Perhaps we should return scenario_path [1:end-1]
here
https://github.com/odow/SDDP.jl/blob/5687376e0ed92009a42e2c140edb24bb0c371740/src/plugins/sampling_schemes.jl#L272
I dug through the code a bit and managed to fix the issue. My fix is slightly different to what you suggested (which didn't quite work):
I return the full sequence of nodes in the cycle, but do not add the final stage objective to the total:
# Cumulate the stage_objective.
if !terminated_due_to_cycle || depth < length(scenario_path)
cumulative_value += subproblem_results.stage_objective
end
However, the wrong incoming state was being appended; so I changed it to end-1
.
# We also need the incoming state variable to the final node, which is
# the outgoing state value of the last node:
incoming_state_value = sampled_states[end-1]

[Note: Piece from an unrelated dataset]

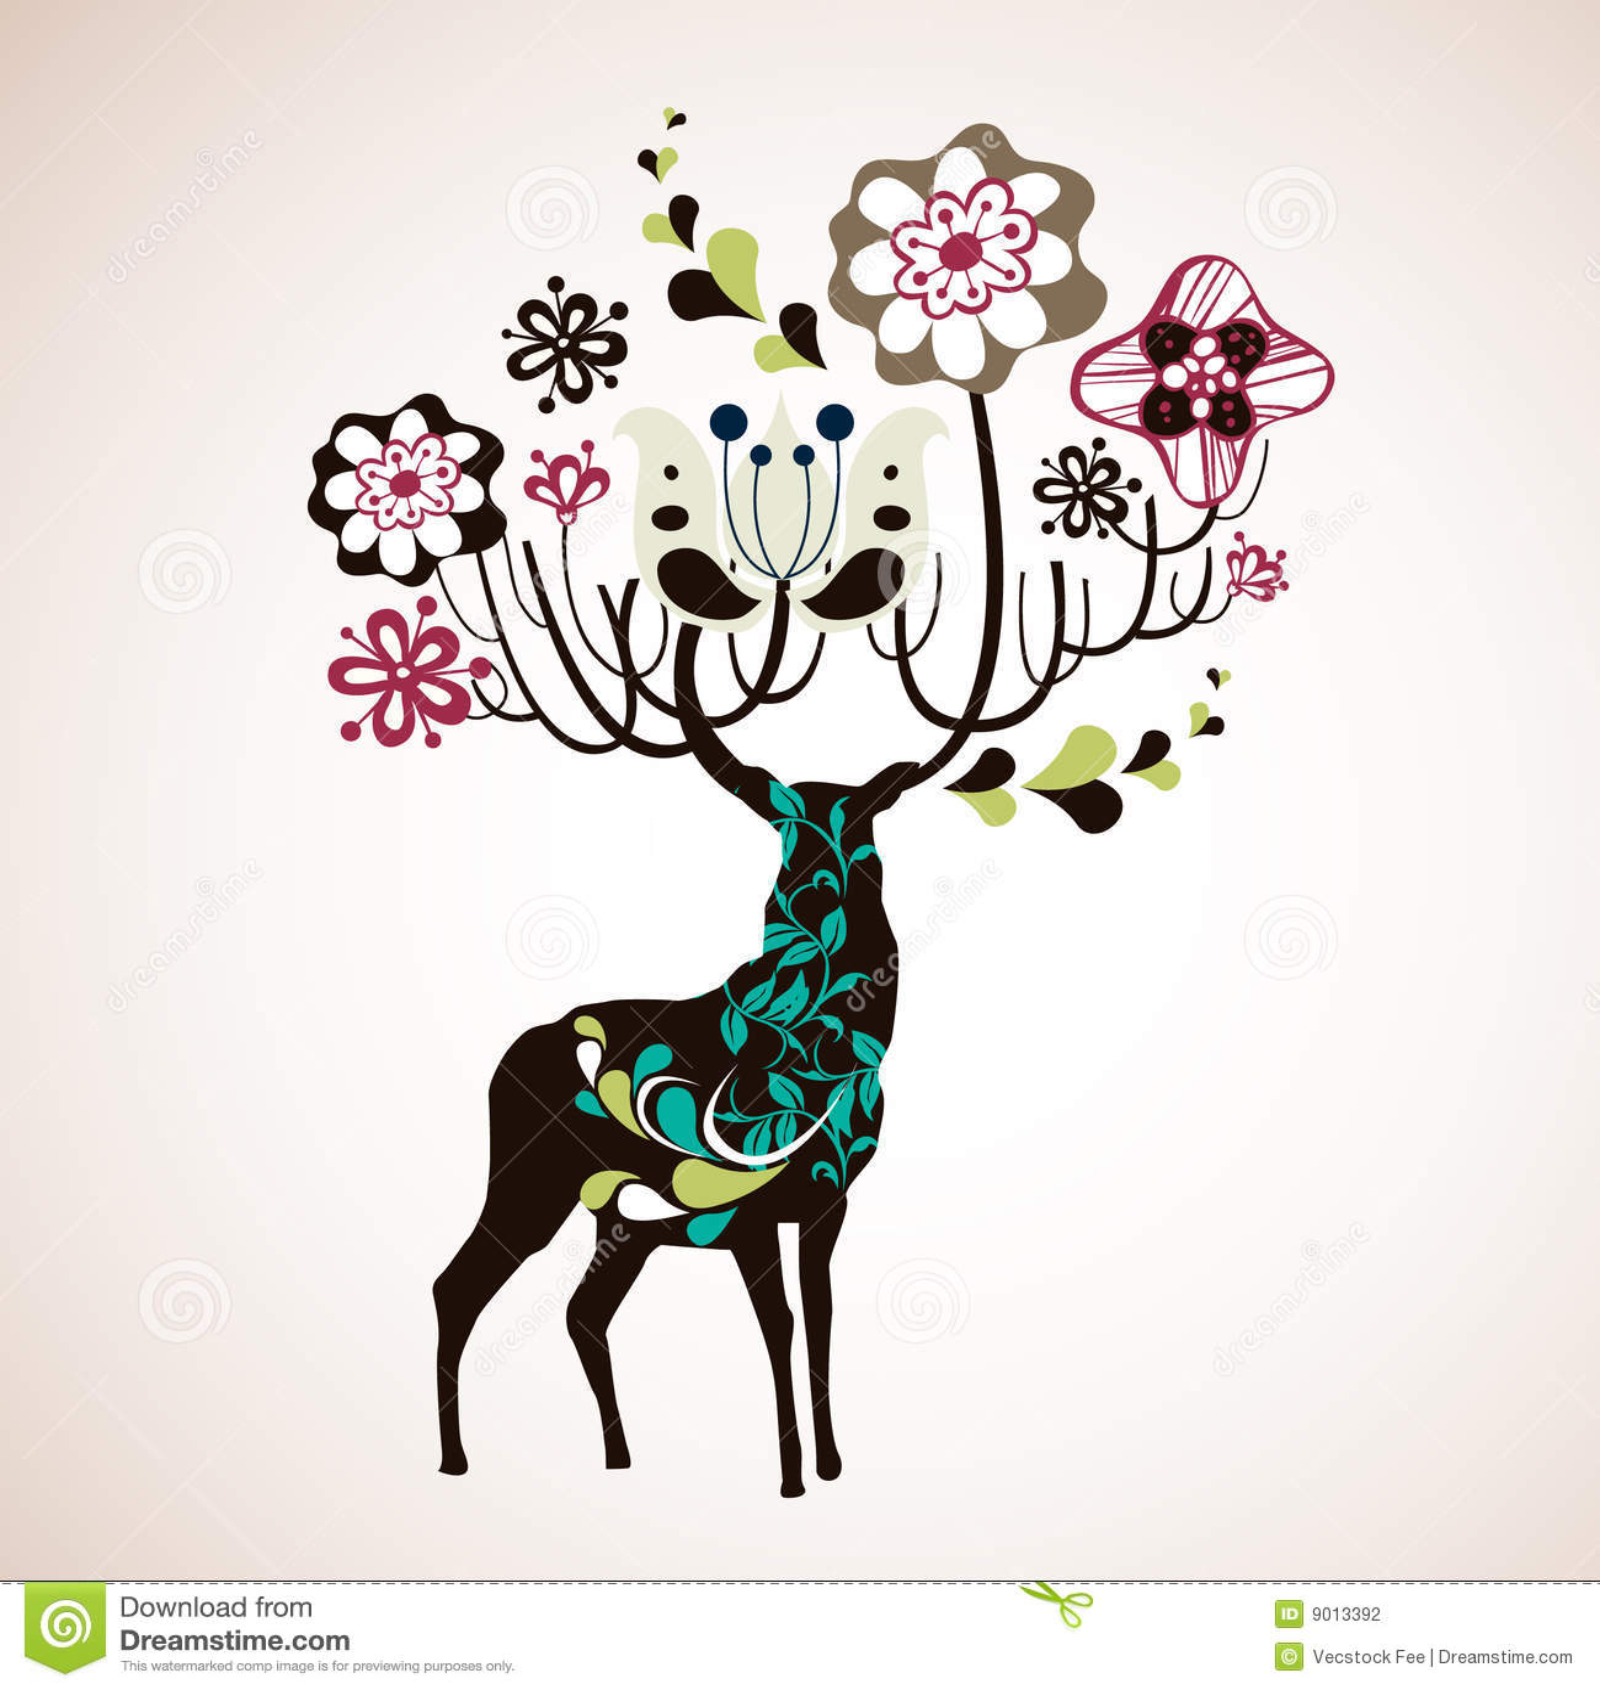 Cute Merry Christmas Wallpaper Backgrounds Reindeer Wallpaper Stock Vector Image Of Animal

These changes have resulted in the expected output:
Iteration Simulation Bound Time (s) Proc. ID # Solves
1 1.000000e+01 1.150000e+01 3.000021e-03 1 11
2 1.000000e+01 1.575000e+01 3.999949e-03 1 22
3 1.000000e+01 1.787500e+01 6.999969e-03 1 33
4 1.000000e+01 1.893750e+01 1.399994e-02 1 44
5 1.000000e+01 1.946875e+01 1.600003e-02 1 55
6 1.000000e+01 1.973438e+01 1.799989e-02 1 66
7 1.000000e+01 1.986719e+01 1.999998e-02 1 77
8 1.000000e+01 1.993359e+01 2.199984e-02 1 88
9 1.000000e+01 1.996680e+01 2.399993e-02 1 99
10 1.000000e+01 1.998340e+01 2.600002e-02 1 110
Terminating training with status: iteration_limit
------------------------------------------------------------------------------
These changes have been made to the forward pass function. However, I think the proper fix would be to not evaluate the repeated node in the forward pass; however, when I tried this, I didn't have a reference to the final node for which I needed to set the starting state.
Actually, ignore my last fix. This is the real fix.
# First up, sample a scenario. Note that if a cycle is detected, this will
# return the cycle node as well.
TimerOutputs.@timeit SDDP_TIMER "sample_scenario" begin
scenario_path, terminated_due_to_cycle =
sample_scenario(model, options.sampling_scheme)
end
if terminated_due_to_cycle
final_node = scenario_path[end]
scenario_path=scenario_path[1:end-1]
end
# Get the last node in the scenario.
final_node_index = final_node[1]
# We terminated due to a cycle. Here is the list of possible starting
# states for that node:
starting_states = options.starting_states[final_node_index]
This fixes both the starting state issue and the extra cuts that were being inserted at node 1.
@adow031 worked around this by adding a new sampling scheme and a new forward pass: https://github.com/EPOC-NZ/JADE.jl/issues/19.
I've got an infinite horizon model with
terminate_on_cycle=true
and I've been looking at this section of the code.I think that the best way to deal with steady-state is simply to start the next iteration using the ending state values from the current iteration, but this seems to be doing something a bit more complicated (and perhaps unnecessary, since the ending state values should reach a steady-state distribution over time, meaning you'll be sampling starting levels with the right distribution).
Also, since each iteration add at most one item to the
starting_states
vector and thesplice!
removes one value from the vector it's not really clear it the list would ever be more than two items (the ending state, and the initial state), this would over-train using the initial state (unless I misunderstand the code).Also, I would like to be able to set the
terminate_on_cycle=true
flag (which is needed for the ending states to be stored) when I'm running a historical simulation, is this possible?Thanks, Tony.